Developers ignore vague feedback.

They respond to:

Severity
Production impact
Explicit required actions

By aligning AI output with how SRE teams think during incidents, we shifted code review from “opinion discussion” to “risk mitigation workflow.”

🚀 Final Takeaway

AI in CI is not about automation.

It is about structured risk visibility at scale.

If you:

Force classification
Enforce severity
Include confidence
Require action
Validate schema

You transform AI from a novelty into a reliability multiplier.

The difference isn’t the model.

It’s the framework around it.

What reliability rule would you add to this rubric to prevent your most painful incident?

Drop it below. I’ll expand this framework in a follow-up post.

Top comments (4)

Pawar Shivam • Mar 10

The key insight here is powerful: AI shouldn’t review code quality — it should surface operational risk.

The schema approach (category + severity + confidence + action) is exactly how incident postmortems are structured in SRE teams.

I’d also add a rule for “silent failure paths” — cases where errors are swallowed without alerts, logs, or metrics.

Those are responsible for a surprising number of production incidents.

Ravi Teja Reddy Mandala • Mar 17

Really appreciate this insight, completely agree.

That shift from “code quality” → “operational risk” is exactly what made the system useful in practice. Traditional AI reviews tend to over-focus on style and refactoring, but incidents are rarely caused by those.

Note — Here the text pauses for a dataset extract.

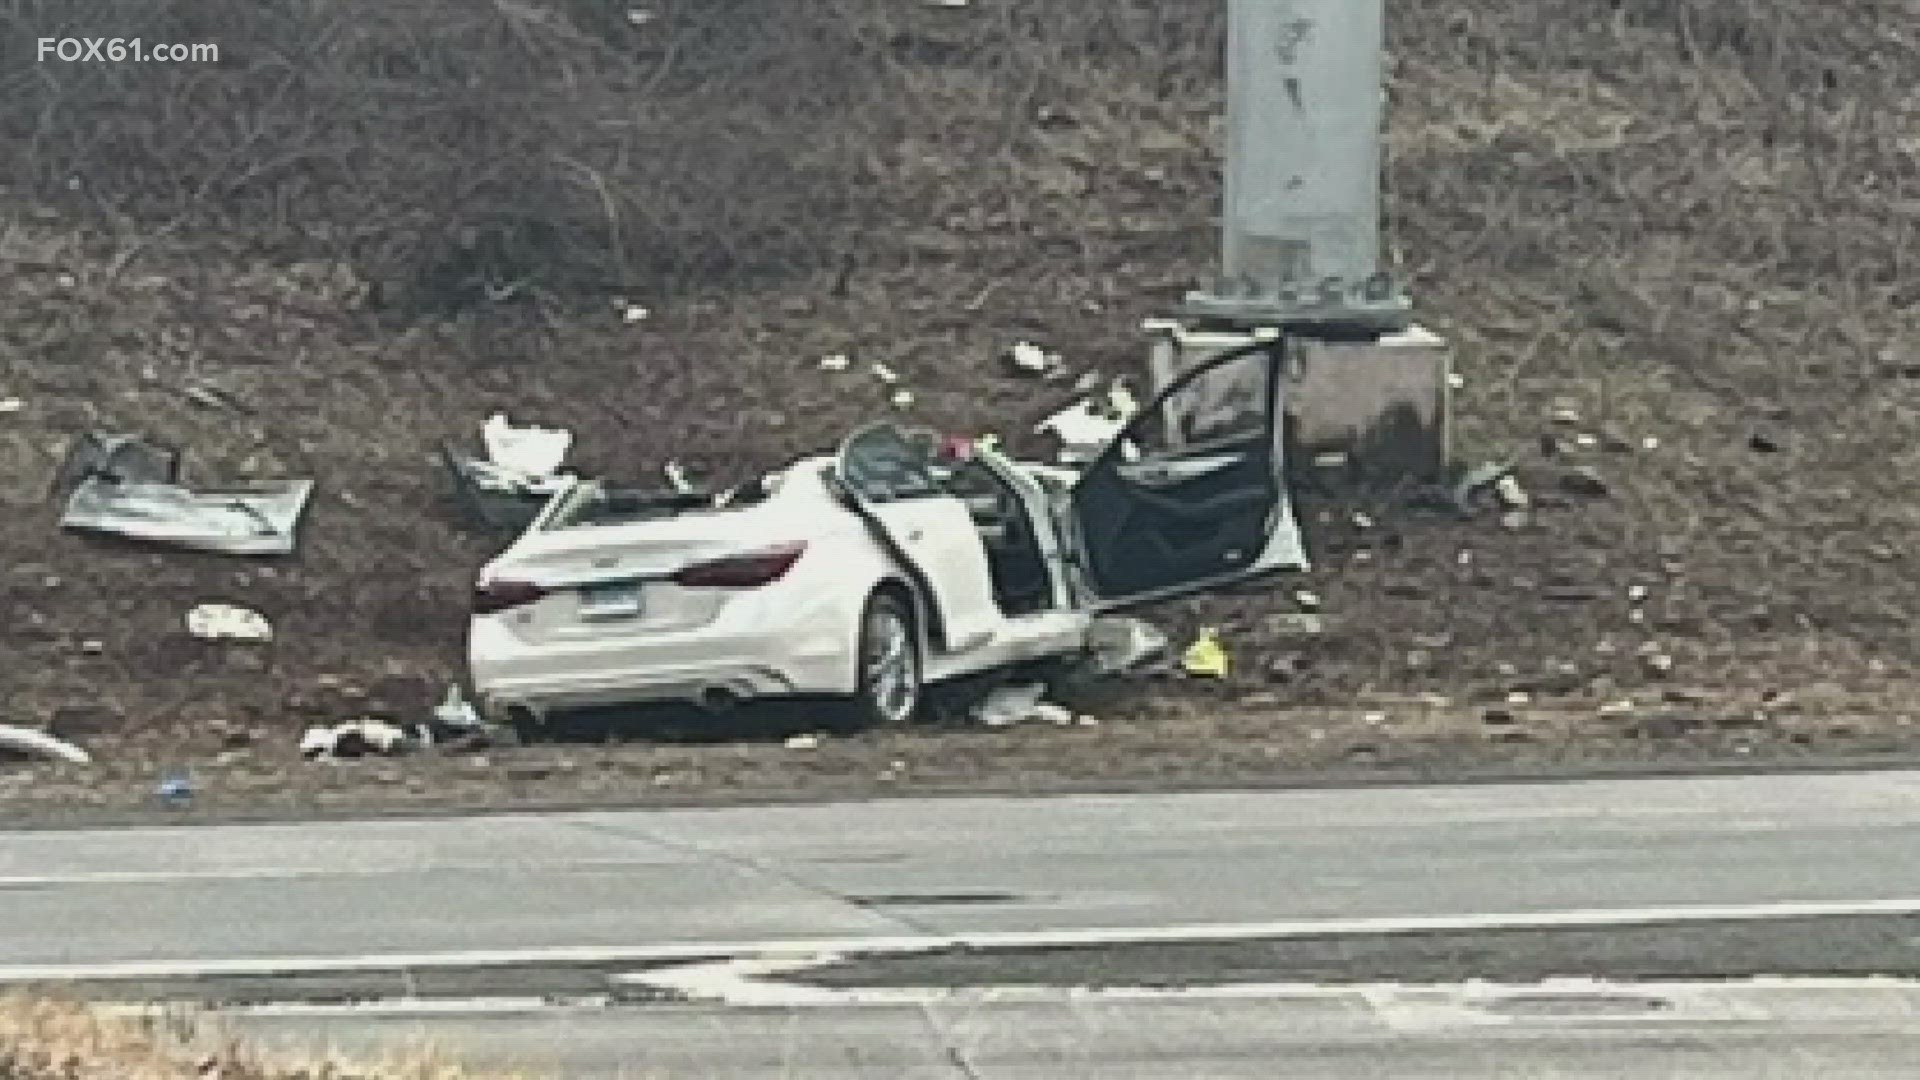 The man crashed into a concrete sign post just before the Route 9, Route 72 split.

“Silent failure paths” is a great callout , we’ve seen similar patterns where missing logs/metrics or swallowed exceptions become the real root cause in production.

I’m actually thinking of extending the rubric to explicitly detect:
• missing observability (logs/metrics/traces)

• retry/timeout gaps

• unhandled edge-case paths

Would love to hear how you’ve approached detecting these in your setup.

chengkai • Mar 10

The JSON schema gate is the key insight here. We went a
similar direction with structured audit output in our own shell toolchain — the hard
part is getting the context enrichment right without sending raw kubectl dumps to the
LLM

Ravi Teja Reddy Mandala • Mar 17

Great point — the JSON schema gate was a turning point for us as well.

Without structured output, the signal-to-noise ratio was too low to act on. The schema forced the AI to think in terms of risk, severity, and actionability instead of generic suggestions.

Totally agree on context enrichment, that’s the hardest part. We avoided sending raw kubectl dumps and instead passed:
• summarized service context

• recent deployment diffs

• relevant config snippets

This helped keep the signal high without overwhelming the model.

Curious, how are you balancing context depth vs token limits in your pipeline?